I was dreading my layover in Korea on the way home. I had to spend the night, and when I did that on my last trip to Australia it was a nightmare. I stayed in a scary, ghetto hotel, I couldn’t sleep all night, I didn’t understand how to make my lights go on or how to flush a toilet, etc…
Last night was a wonderful surprise. Courtesy of the Hyatt Regency Incheon. It’s the only nice, western-style hotel in Incheon and I was smart enough to stay there this time and not just save a buck cozied up to the prostitutes this time.
It was magical. I had a huge, luxurious room, everything was in English (easy toilet flushing) and best of all they had a spa. After my “panic attack” I thought this might be a great idea. I called and asked for a massage. They asked if I wanted a “scrub” first. I thought this would be a great idea since I was covered with dry skin from all the sun in Australia, and hey, it was only a $15 add-on.
I walked in to the gym and all the old confusion returned. First they handed me a robe and a pair of grey cotton gym shorts and a locker key. I got the key and the robe, but the shorts had me baffled.
Mistake #1: The locker key goes to not one, but two lockers. I was wandering around the locker room getting the lay of the land when a lady started telling me in Korean something I didn’t understand. She took me to the entrance and showed me small lockers. “shoes.” Ah…no shoes allowed. I get that. You put your shoes in the little locker and get slippers on. THEN you go to the big locker and put your clothes in there and put on your robe and… shorts? It seemed like she was saying yes.
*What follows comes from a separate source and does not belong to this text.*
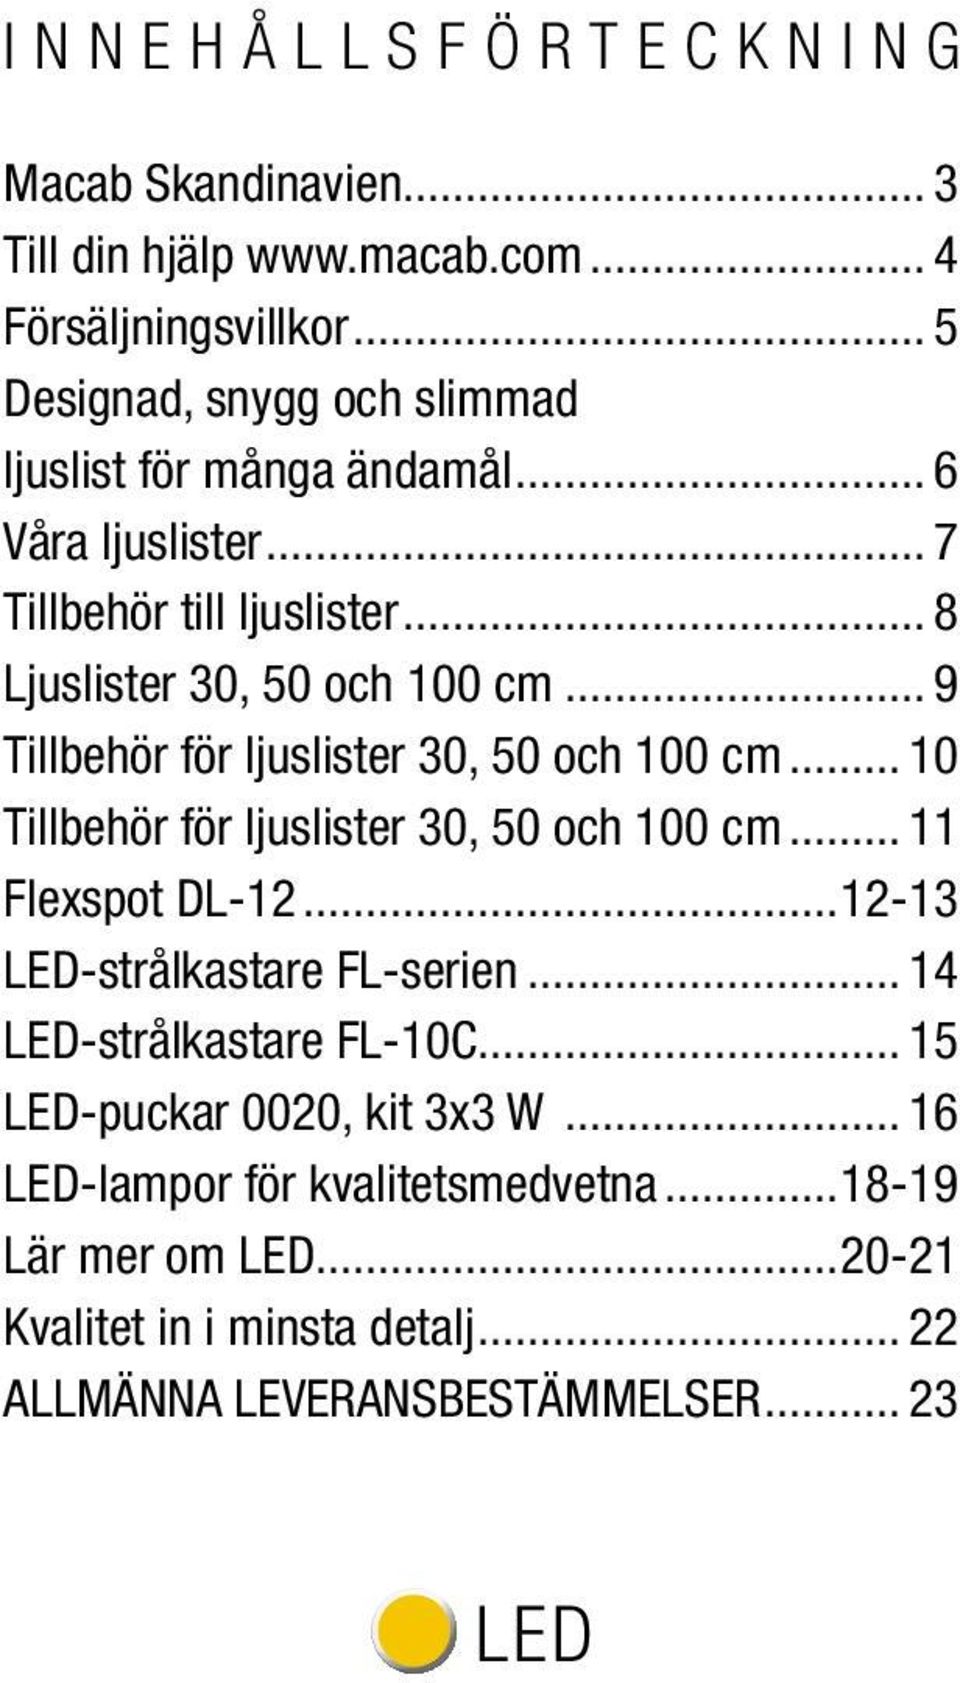 .. 10 Tillbehör för ljuslister 30, 50 och 100 cm... 11 Flexspot DL-12...12-13 LED-strålkastare FL-serien... 14 LED-strålkastare FL-10C.

Mistake #2: I had on my robe and gym shorts and wandered through the locker room again to what looked like a door to a sauna. I walked in and saw all the women were naked. Some sitting on stools with little shower nozzles spraying themselves off, some in the sauna, some in a hot tub or cold pool. It was pretty cool (minus all the naked women) but I realized I was wearing a lot more than everyone else.
Mistake #3: SO, I went out and took off my robe and shorts, put them in my locker and rejoined all the naked people feeling a bit self-conscious since I’m not accustomed to walking around naked much. As I entered the door AGAIN (3rd time) I noticed a bowl of salts by the door. All of a sudden I thought, maybe the scrub I bought was access to this facility and I scrub myself down? No one else had salt, but I had paid, so I grabbed a handful and started scrubbing it on my arms and legs. Grabbed another handful and sat on one of the nifty shower stools and scrubbed more salt on and prepared to wash off. I got a lot of surreptitious looks, but I figured, ah, probably haven’t seen a naked westerner before.
Mistake #4: I finished rinsing off, grabbed a towel, went back to my locker, put on my shorts and robe again and walked out to reception. “Is it time for my massage?” Broken English—“Uh, no, no—go back in to hot tub. Wait for scrub. 20 minute more.” Hmm…pretty sure now that I wasn’t supposed to scrub myself, and also realized I had to go get undressed…AGAIN. I took it all off, went back and hot tubbed and sauned, and cold tubbed, and sauned, and hot tubbed some more and finally a lady came in who spoke NO English and told me to follow her.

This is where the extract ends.